Il tend à améliorer encore un peu la rédaction proposée par M. le rapporteur général.
Il n’est pas infaillible !
(Le sous-amendement no 1135, accepté par la commission, est adopté.)
L’amendement no 632 de M. le rapporteur général est rédactionnel.
(L’amendement no 632, accepté par le gouvernement, est adopté.)
L’amendement no 633 de M. le rapporteur général, qui fait l’objet d’un sous-amendement, est rédactionnel.La parole est à Mme la ministre déléguée, pour soutenir le sous-amendement no 1136 et donner l’avis du gouvernement sur l’amendement.
Il s’agit là encore d’améliorer la rédaction proposée.
(Le sous-amendement no 1136, accepté par la commission, est adopté.)
(L’amendement no 633, sous-amendé, accepté par le gouvernement, est adopté.)
Les amendements nos 634, 635, 636, 637, 638, 639, 640 et 641 de M. le rapporteur général sont rédactionnels.
(Les amendements nos 634, 635, 636, 637, 638, 639, 640 et 641, successivement mis aux voix, sont adoptés.)
(L’article 36 ter est adopté.)
Je suis saisie de deux amendements, nos 504 et 592, pouvant être soumis à une discussion commune. La parole est à Mme Annie Vidal, pour soutenir l’amendement no 504.

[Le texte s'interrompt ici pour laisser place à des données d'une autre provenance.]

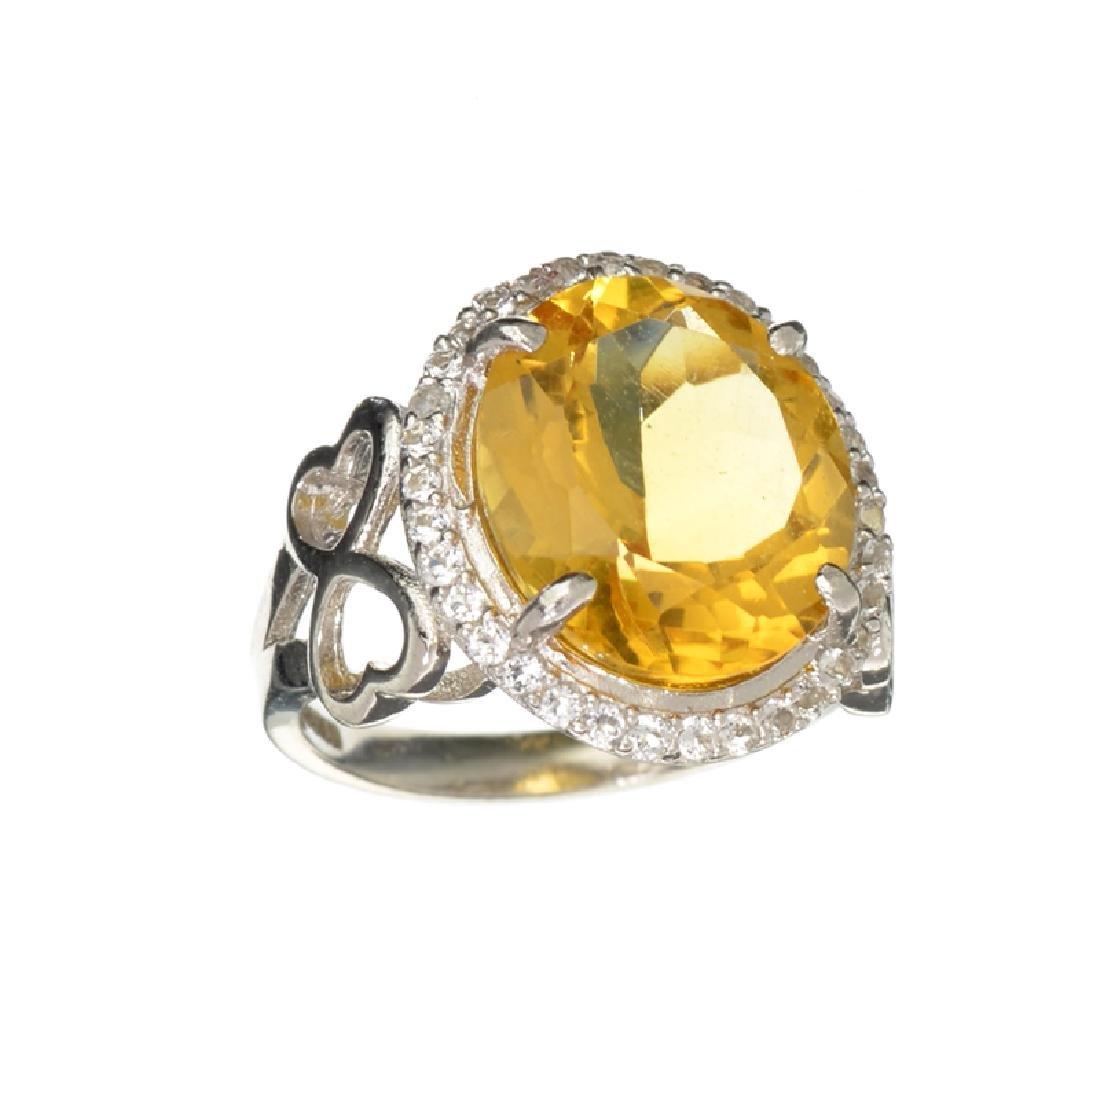 APP: 0.9k Fine Jewelry Designer Sebastian, 7.20CT

Il apparaît à l’usage que la répartition de la compensation liée aux revalorisations prévues par le Ségur de la santé entre les départements n’est pas tout à fait à l’image de la réalité. C’est pourquoi l’amendement prévoit qu’elle se fasse en fonction non seulement du nombre de places dans les établissements sociaux et médico-sociaux mais aussi de leur taux d’encadrement.

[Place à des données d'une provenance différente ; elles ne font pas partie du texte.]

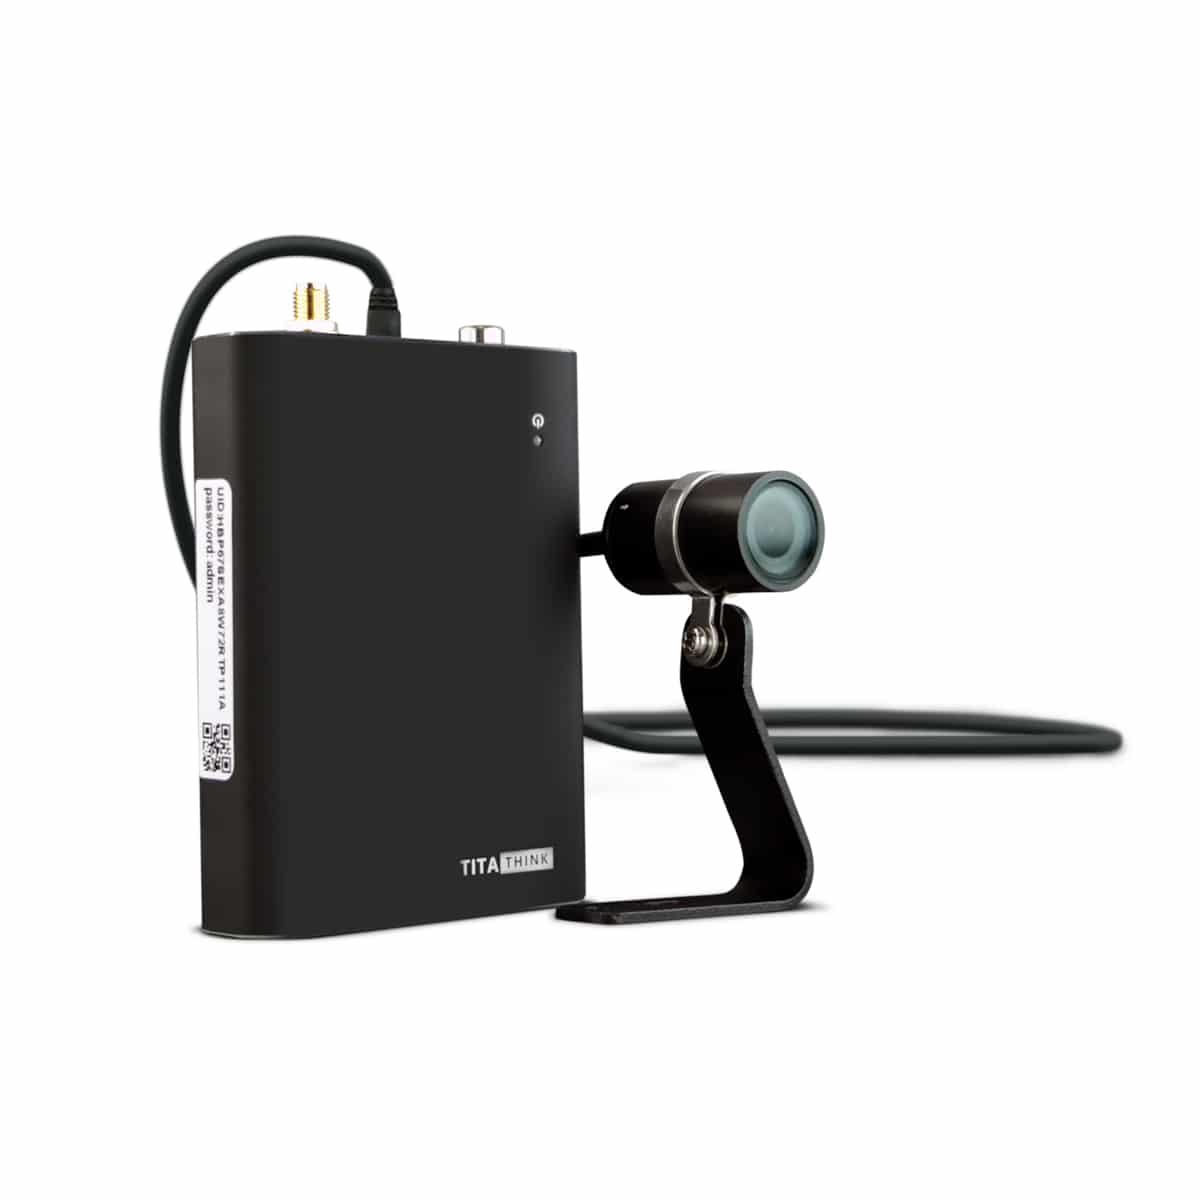 TT522PW-PRO spy hidden 720P wateproof IP Camera

La parole est à M. le rapporteur général, pour soutenir l’amendement no 592.
Pour faire avancer les débats, je le retire au profit de celui de Mme Vidal.

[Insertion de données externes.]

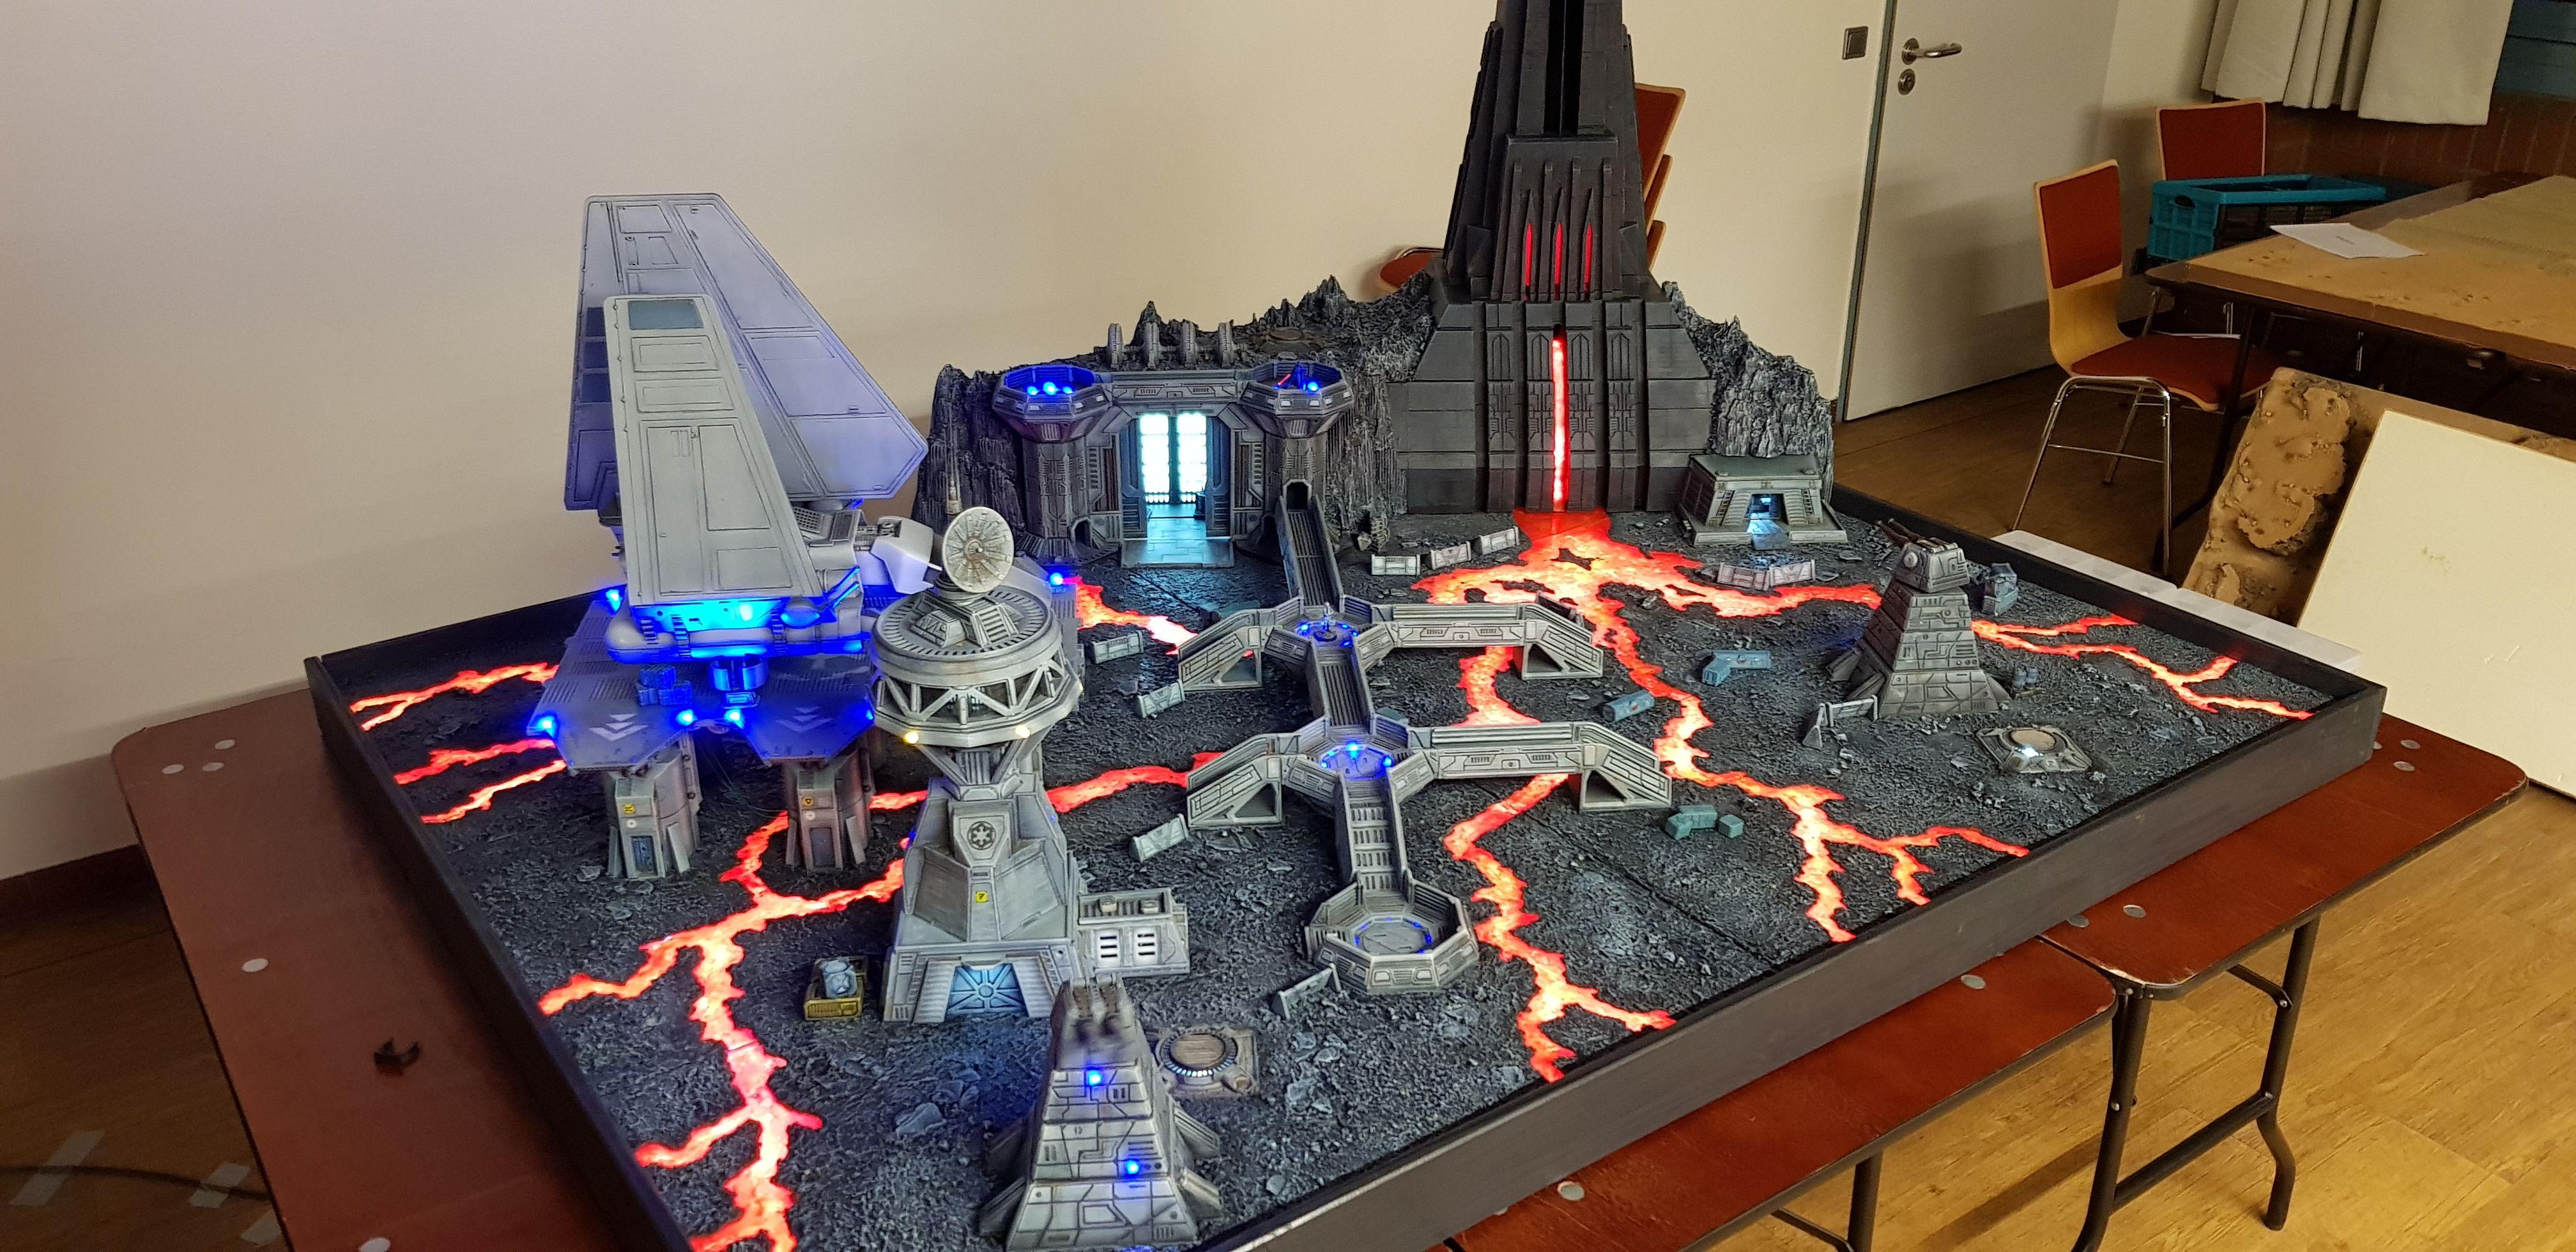 Star Wars Legion Mustafar Table Star Wars Hoth Star Wars Toys Star Wars Action Figures Display

(L’amendement no 592 est retiré.)
Quel est l’avis de la commission ?
Pour que tout le monde comprenne bien, cet amendement tend à distribuer 85 millions d’euros de dotations. Elles visent à compenser partiellement le Ségur et ne concernent pas tout le monde – je rappelle que toutes les associations et tout le personnel technique et administratif ne sont pas concernés par le Ségur à l’heure où nous nous parlons.La répartition de ces 85 millions a connu plusieurs évolutions. La rédaction initiale prévoyait qu’elle se fasse en fonction du nombre de places ouvertes. Le Sénat a introduit un changement bienvenu en prenant comme critère « le nombre de personnels concernés ». Cela me semble plus approprié parce que ce sont eux, non les établissements, qui recevront cet argent.Le gouvernement nous indique que la clef de répartition a déjà été déterminée, mais cela n’empêche pas de réfléchir à une nouvelle clef pour l’avenir. L’amendement de Mme Vidal prévoit un […]
Quel est l’avis du gouvernement ?
Favorable.
Les amendements nos 615 et 616 de M. le rapporteur général sont rédactionnels.
(Les amendements nos 615 et 616, acceptés par le gouvernement, sont successivement adoptés.)
Les amendements nos 912 rectifié et 976 de M. le rapporteur général, sont rédactionnels.